— PROBLEM TO SOLVE —
Write out, please, each line from the one containing "Bundeskanzlerin Merkel im" to the final line of the data, both included, exactly and without pictures.

— AVAILABLE DATA —
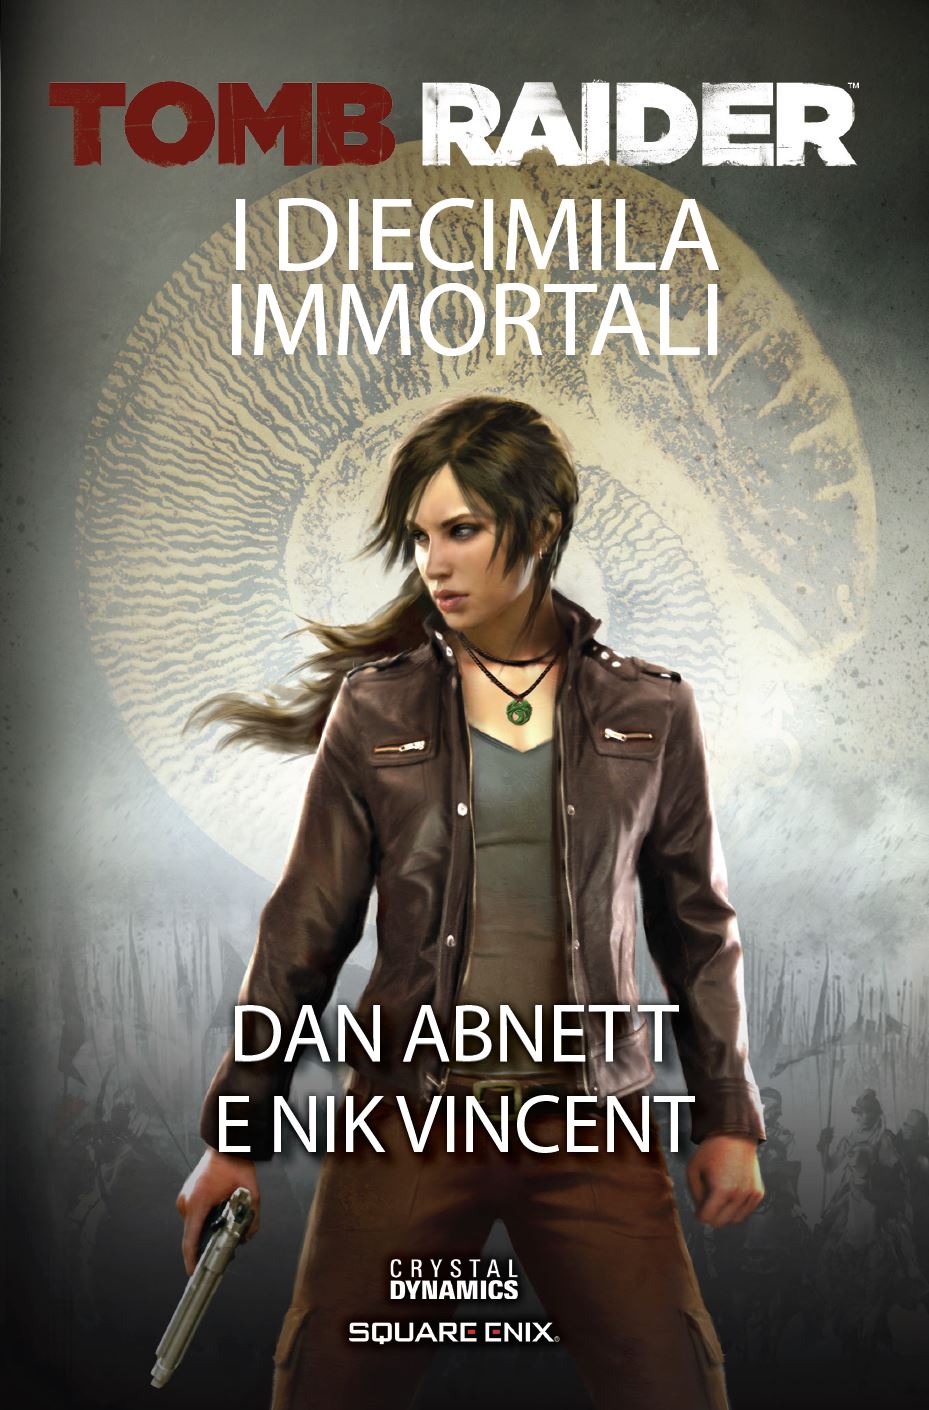 Tomb Raider I Diecimila Immortali
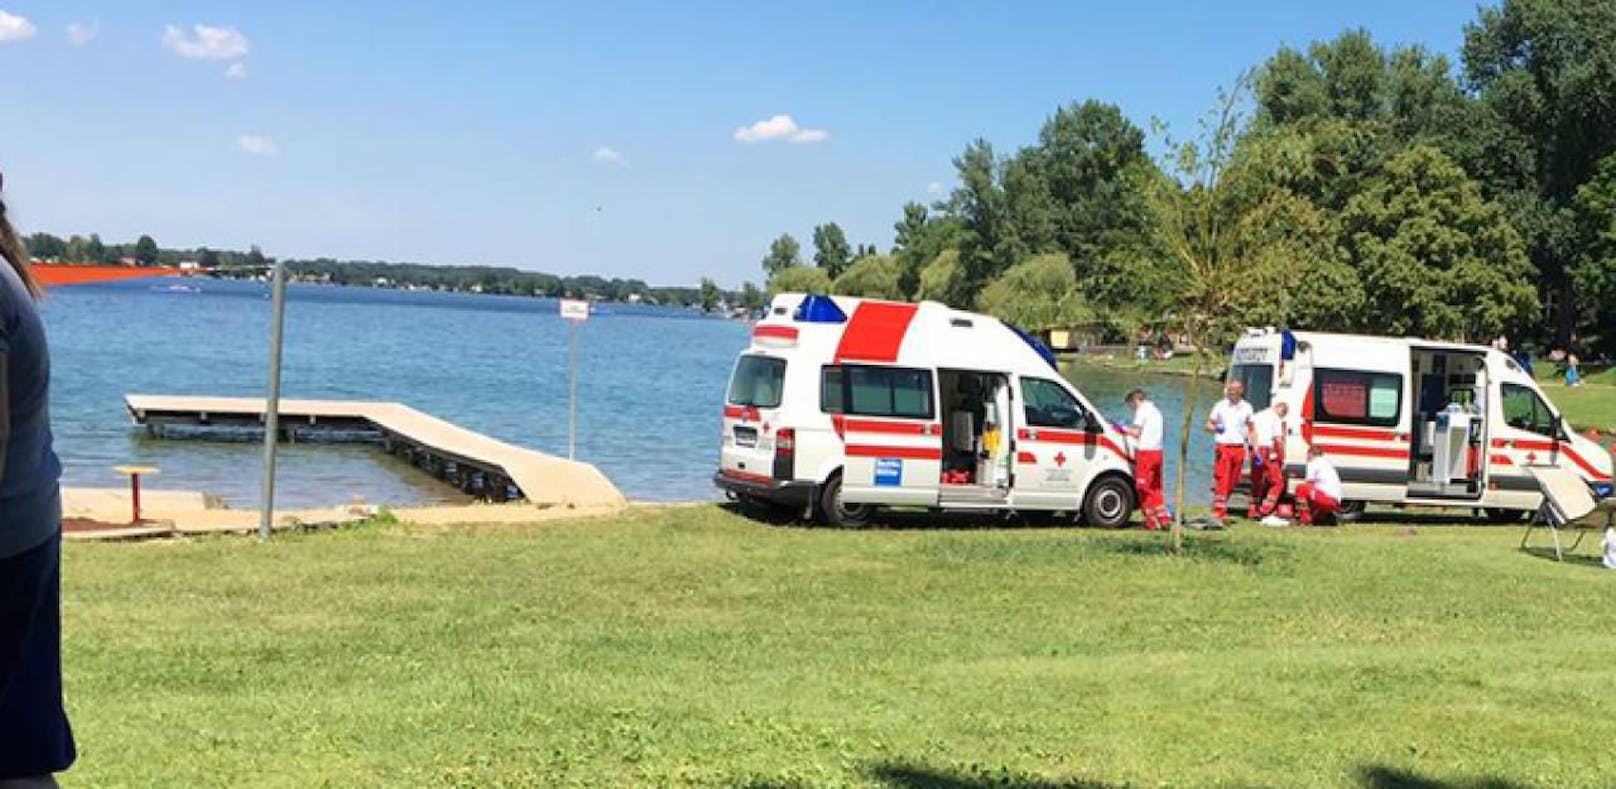 Rettung in letzter Sekunde: Männer (20) aus Wiener Neustadt im Neufelder See untergegangen.
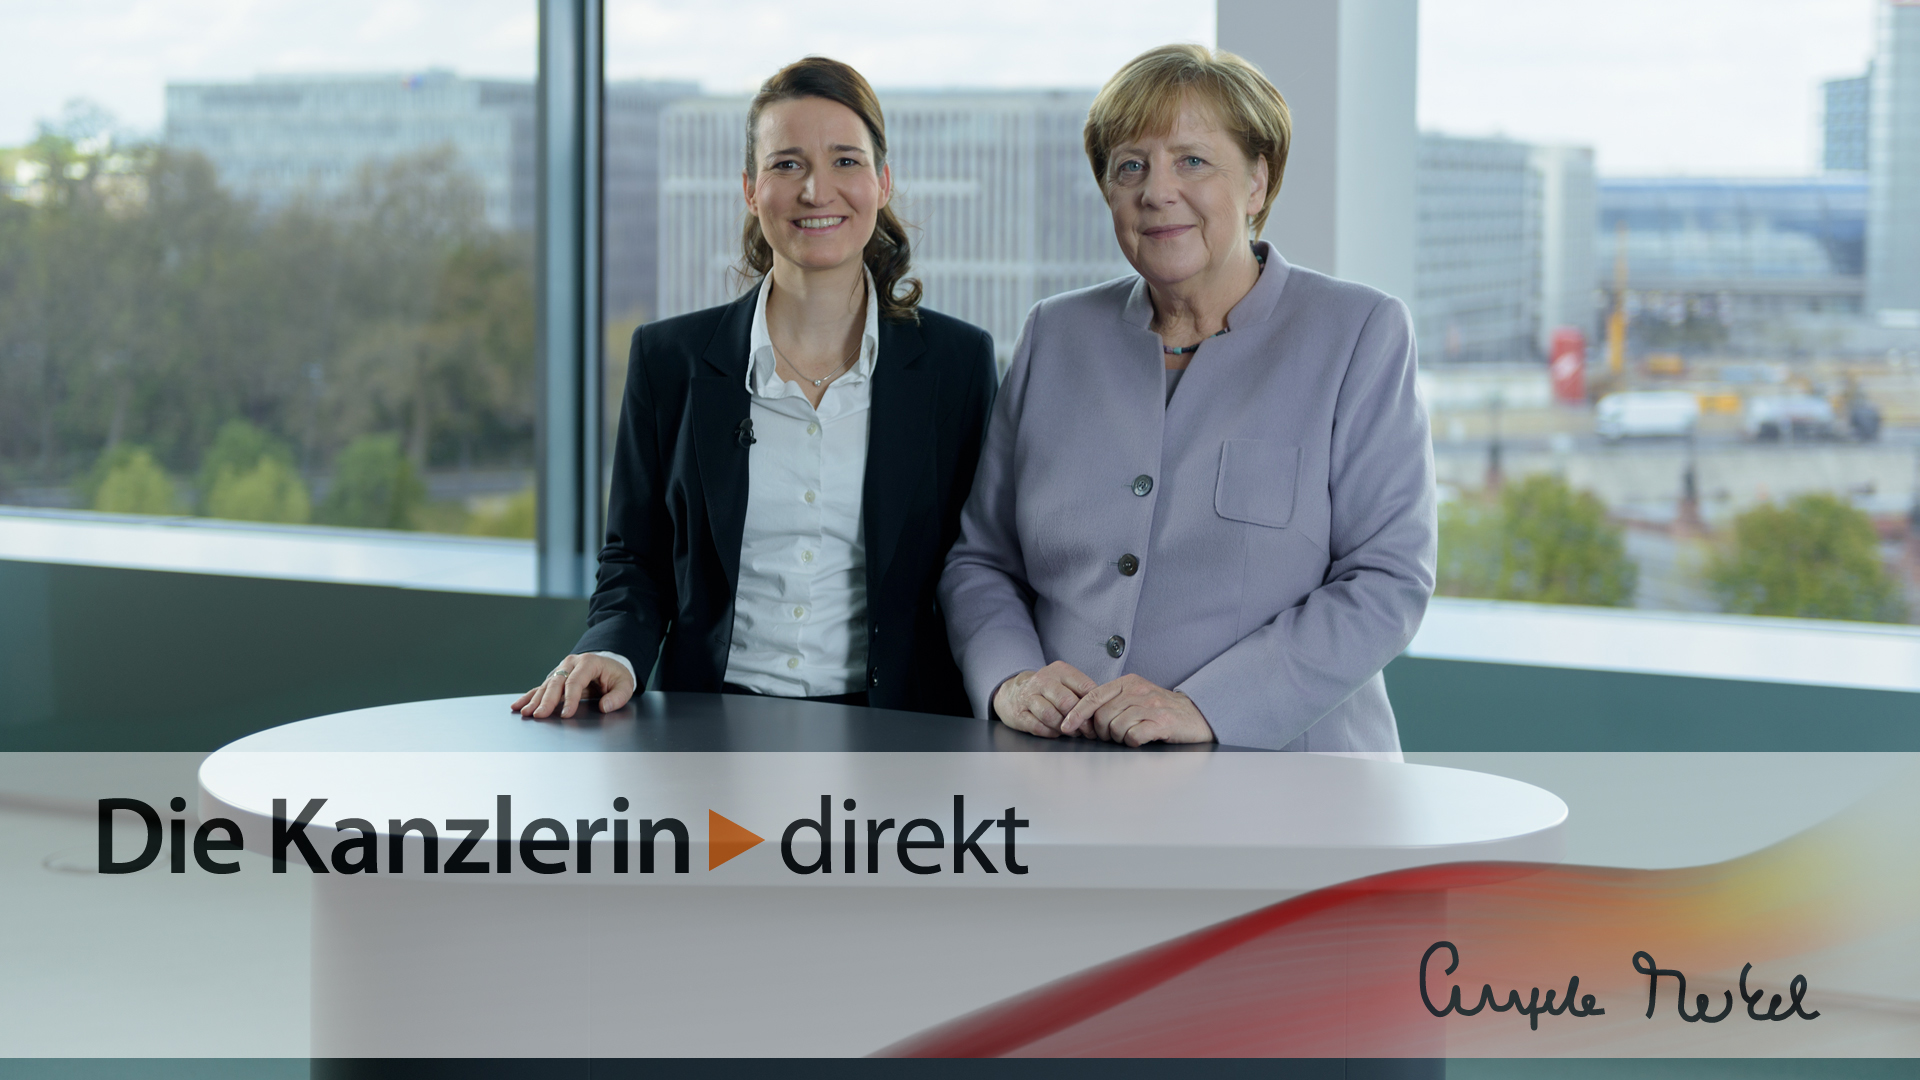 Bundeskanzlerin Merkel im Gespräch mit der Interviewpartnerin.
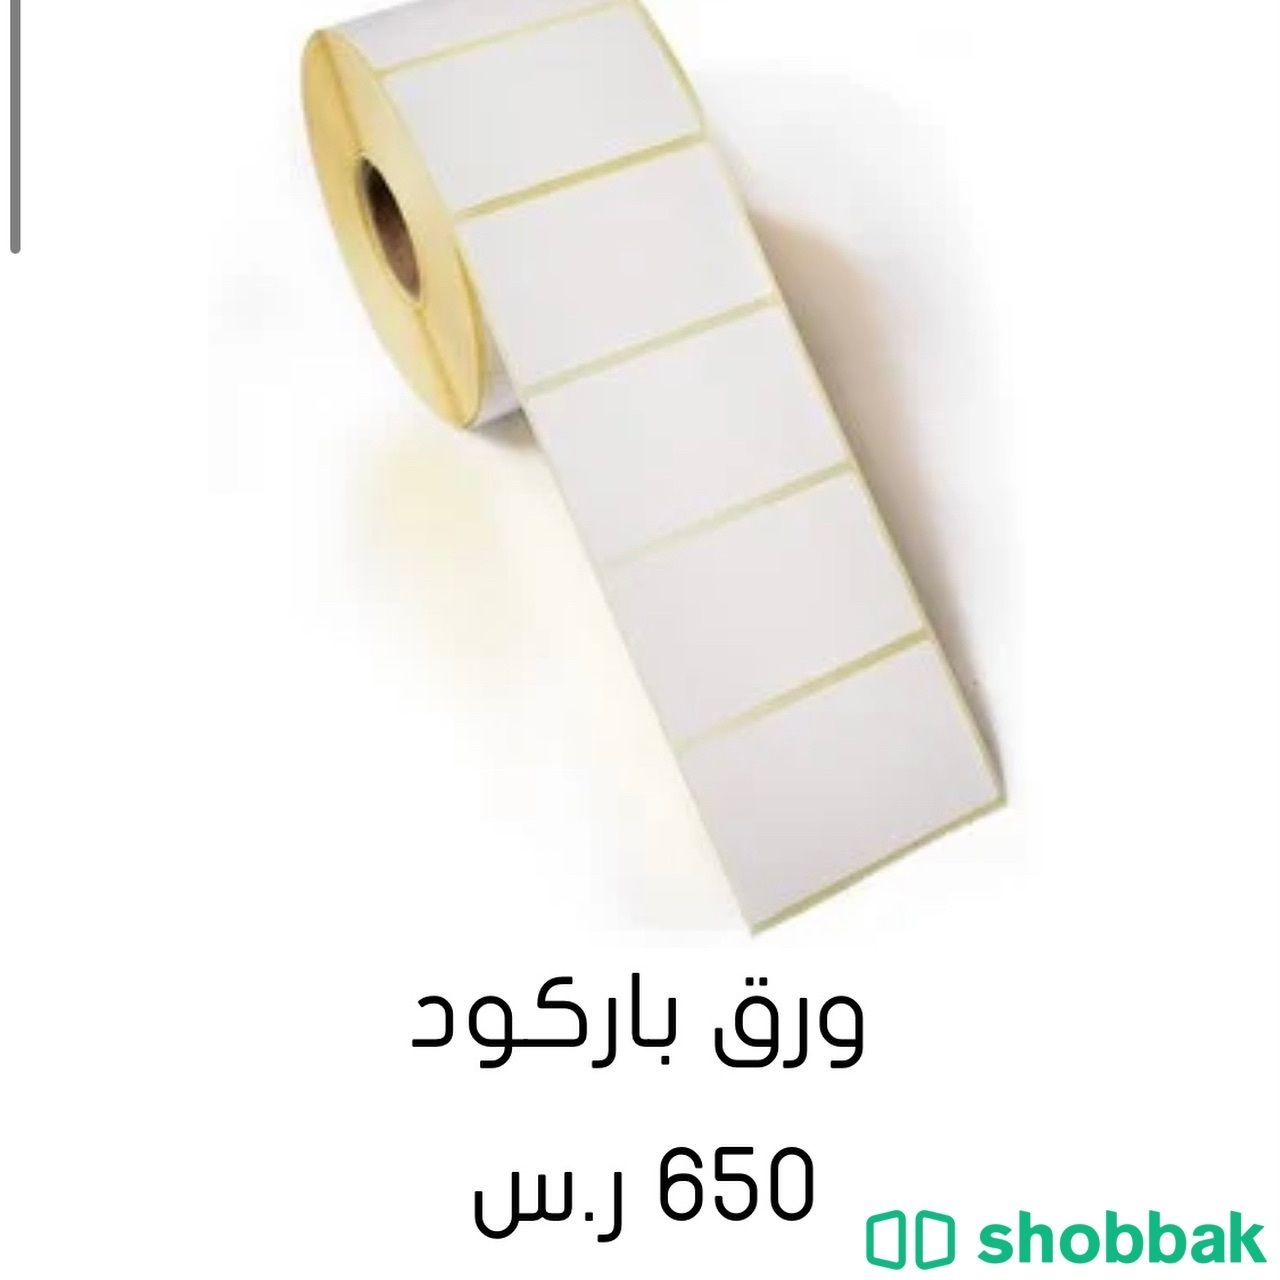 ورق باركود  Shobbak Saudi Arabia

— ANSWER FOR THE TASK —
 Bundeskanzlerin Merkel im Gespräch mit der Interviewpartnerin.
 ورق باركود  Shobbak Saudi Arabia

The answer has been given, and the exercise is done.